Try it> When the line containing "Lot Of 5 Smith And Wesson S.W.A.T. Knives" appears in the data below, begin copying there and stop only after the line containing "Ride Forever Women's Cycling Jersey - Navy".

Provided records>
····················

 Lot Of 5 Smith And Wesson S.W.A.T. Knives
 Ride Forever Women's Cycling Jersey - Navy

····················

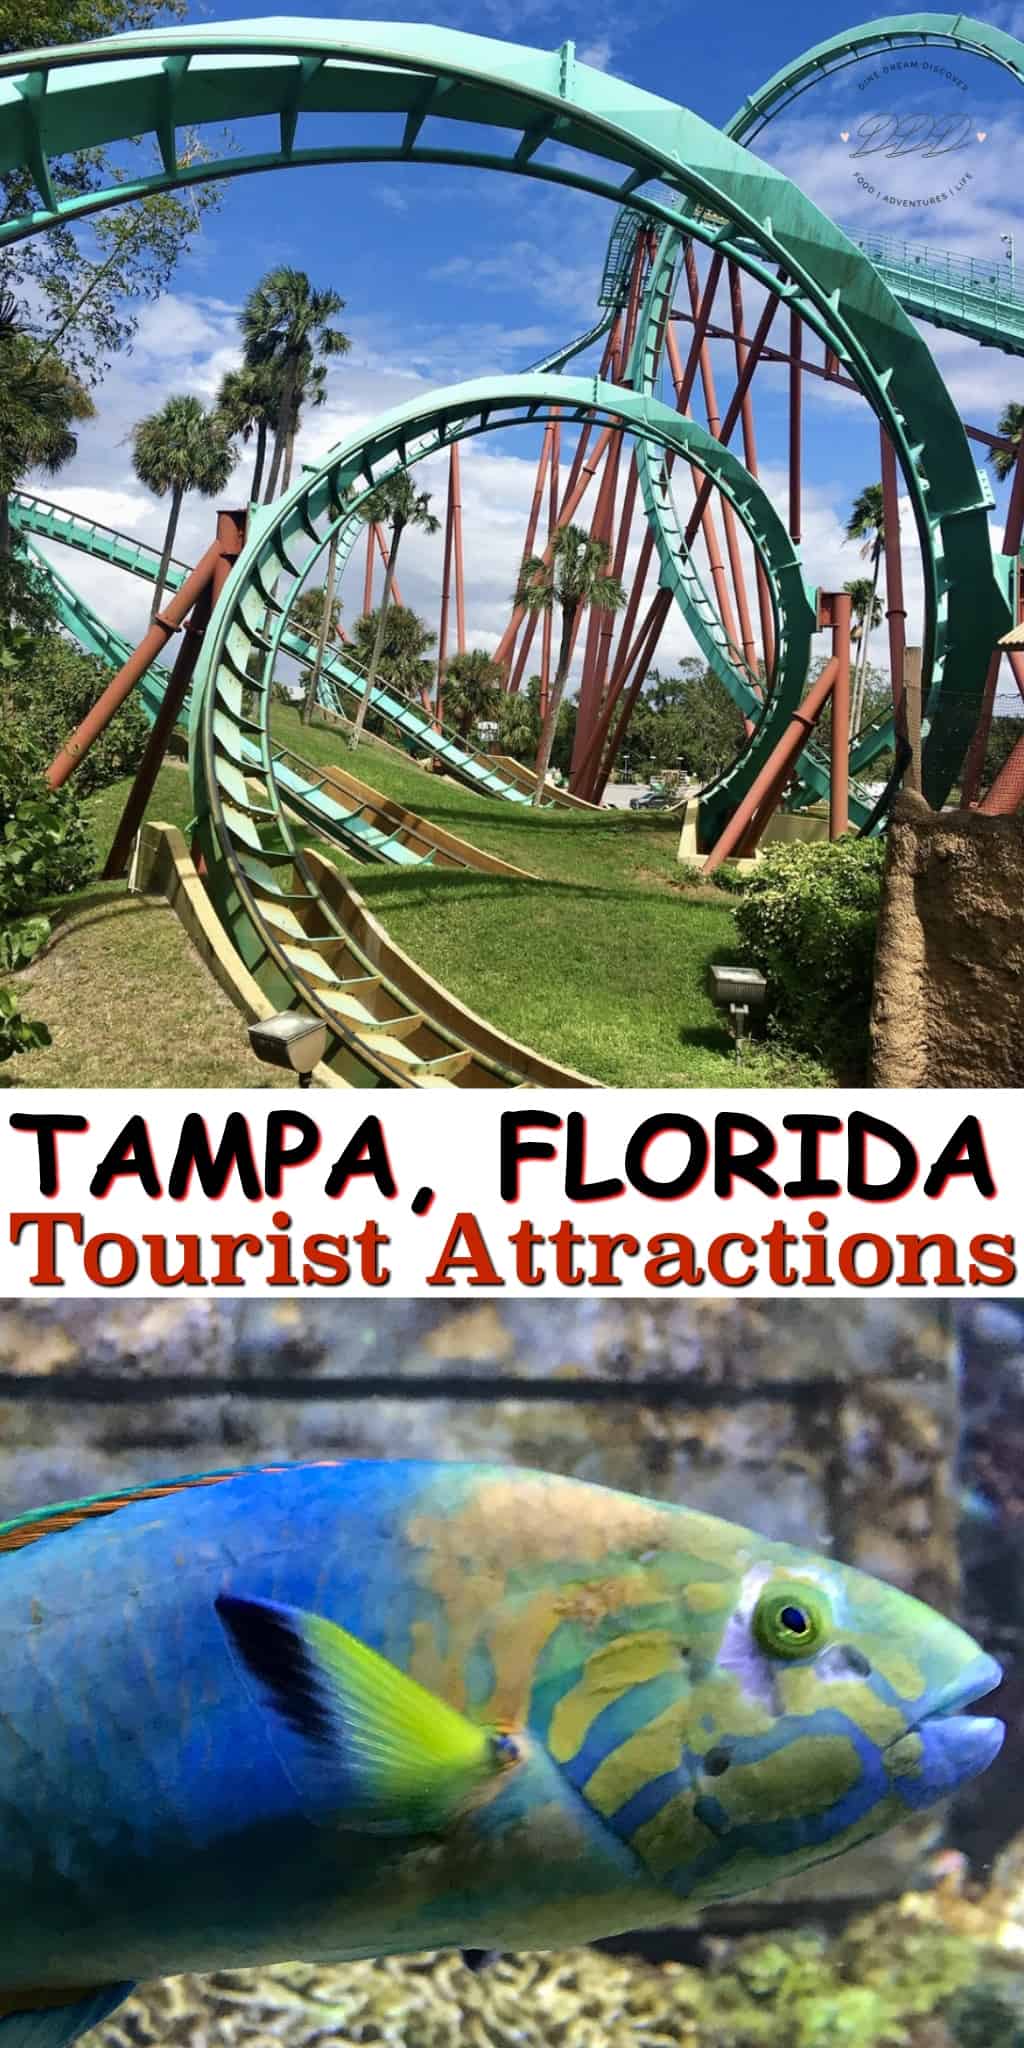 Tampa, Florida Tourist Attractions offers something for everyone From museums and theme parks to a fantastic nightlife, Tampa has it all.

····················

Result of the task>
 Lot Of 5 Smith And Wesson S.W.A.T. Knives
 Ride Forever Women's Cycling Jersey - Navy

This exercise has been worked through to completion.